Task prompt | Taking the records line by line, how many lines contain the word "Immagini"? Answer with the number only.

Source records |

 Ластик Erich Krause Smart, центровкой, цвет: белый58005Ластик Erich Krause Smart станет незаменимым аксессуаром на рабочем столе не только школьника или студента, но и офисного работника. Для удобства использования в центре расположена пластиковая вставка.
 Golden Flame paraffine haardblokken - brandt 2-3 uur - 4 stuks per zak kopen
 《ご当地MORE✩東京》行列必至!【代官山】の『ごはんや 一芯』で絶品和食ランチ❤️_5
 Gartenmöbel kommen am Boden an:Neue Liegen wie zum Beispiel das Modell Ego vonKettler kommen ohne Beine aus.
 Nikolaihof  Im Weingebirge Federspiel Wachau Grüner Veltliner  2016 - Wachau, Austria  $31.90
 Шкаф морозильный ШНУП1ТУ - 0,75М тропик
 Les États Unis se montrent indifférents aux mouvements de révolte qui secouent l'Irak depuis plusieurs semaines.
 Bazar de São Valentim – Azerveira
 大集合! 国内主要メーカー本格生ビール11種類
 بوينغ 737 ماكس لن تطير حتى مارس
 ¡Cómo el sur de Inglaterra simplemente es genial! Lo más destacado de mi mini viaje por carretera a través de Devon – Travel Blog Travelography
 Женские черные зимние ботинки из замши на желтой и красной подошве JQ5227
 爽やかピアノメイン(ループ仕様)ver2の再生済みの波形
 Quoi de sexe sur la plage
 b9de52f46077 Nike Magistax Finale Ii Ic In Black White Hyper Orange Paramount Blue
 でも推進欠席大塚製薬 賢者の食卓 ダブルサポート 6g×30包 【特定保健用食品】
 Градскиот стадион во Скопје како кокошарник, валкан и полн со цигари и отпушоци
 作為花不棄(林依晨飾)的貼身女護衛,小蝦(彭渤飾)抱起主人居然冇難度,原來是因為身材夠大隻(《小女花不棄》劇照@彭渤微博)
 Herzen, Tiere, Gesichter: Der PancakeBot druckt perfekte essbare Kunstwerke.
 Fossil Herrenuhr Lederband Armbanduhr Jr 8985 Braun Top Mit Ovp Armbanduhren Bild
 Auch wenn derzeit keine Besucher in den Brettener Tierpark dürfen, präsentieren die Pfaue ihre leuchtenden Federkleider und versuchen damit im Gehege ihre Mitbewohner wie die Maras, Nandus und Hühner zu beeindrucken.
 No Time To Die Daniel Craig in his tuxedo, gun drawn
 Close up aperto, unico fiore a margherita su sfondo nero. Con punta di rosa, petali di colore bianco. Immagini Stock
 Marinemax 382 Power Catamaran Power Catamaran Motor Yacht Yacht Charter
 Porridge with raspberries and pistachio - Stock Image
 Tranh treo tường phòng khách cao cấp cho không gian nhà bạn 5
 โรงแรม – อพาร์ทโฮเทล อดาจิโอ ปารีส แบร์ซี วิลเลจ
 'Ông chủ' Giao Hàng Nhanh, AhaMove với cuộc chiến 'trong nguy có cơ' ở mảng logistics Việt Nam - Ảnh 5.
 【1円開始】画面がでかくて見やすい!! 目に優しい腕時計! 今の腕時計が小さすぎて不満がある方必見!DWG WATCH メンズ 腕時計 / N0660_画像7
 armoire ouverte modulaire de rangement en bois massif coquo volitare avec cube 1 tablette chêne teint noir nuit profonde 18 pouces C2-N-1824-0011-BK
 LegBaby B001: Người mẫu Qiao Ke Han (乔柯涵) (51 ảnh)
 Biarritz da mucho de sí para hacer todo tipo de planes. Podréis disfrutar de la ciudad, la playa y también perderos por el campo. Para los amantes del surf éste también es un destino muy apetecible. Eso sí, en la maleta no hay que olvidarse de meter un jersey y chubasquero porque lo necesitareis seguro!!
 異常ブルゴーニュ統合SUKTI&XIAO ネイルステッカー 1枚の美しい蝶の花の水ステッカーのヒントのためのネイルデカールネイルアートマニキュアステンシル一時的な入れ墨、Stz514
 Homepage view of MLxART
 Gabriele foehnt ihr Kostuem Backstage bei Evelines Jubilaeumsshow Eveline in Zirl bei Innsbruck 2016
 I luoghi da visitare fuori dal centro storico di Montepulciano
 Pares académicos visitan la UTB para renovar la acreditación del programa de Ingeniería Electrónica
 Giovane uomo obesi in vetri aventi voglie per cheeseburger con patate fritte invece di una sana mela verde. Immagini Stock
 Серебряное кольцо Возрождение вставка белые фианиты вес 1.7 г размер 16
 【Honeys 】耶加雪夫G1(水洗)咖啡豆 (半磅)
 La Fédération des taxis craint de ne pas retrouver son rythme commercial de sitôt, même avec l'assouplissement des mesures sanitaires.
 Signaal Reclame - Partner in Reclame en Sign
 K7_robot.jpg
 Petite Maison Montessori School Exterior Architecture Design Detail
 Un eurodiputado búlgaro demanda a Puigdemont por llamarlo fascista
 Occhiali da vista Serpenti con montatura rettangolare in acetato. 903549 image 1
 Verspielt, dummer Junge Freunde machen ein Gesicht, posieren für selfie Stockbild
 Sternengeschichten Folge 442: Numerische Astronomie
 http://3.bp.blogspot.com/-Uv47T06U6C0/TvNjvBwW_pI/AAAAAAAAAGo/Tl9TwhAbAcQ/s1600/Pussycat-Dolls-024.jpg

Reply to the task | 2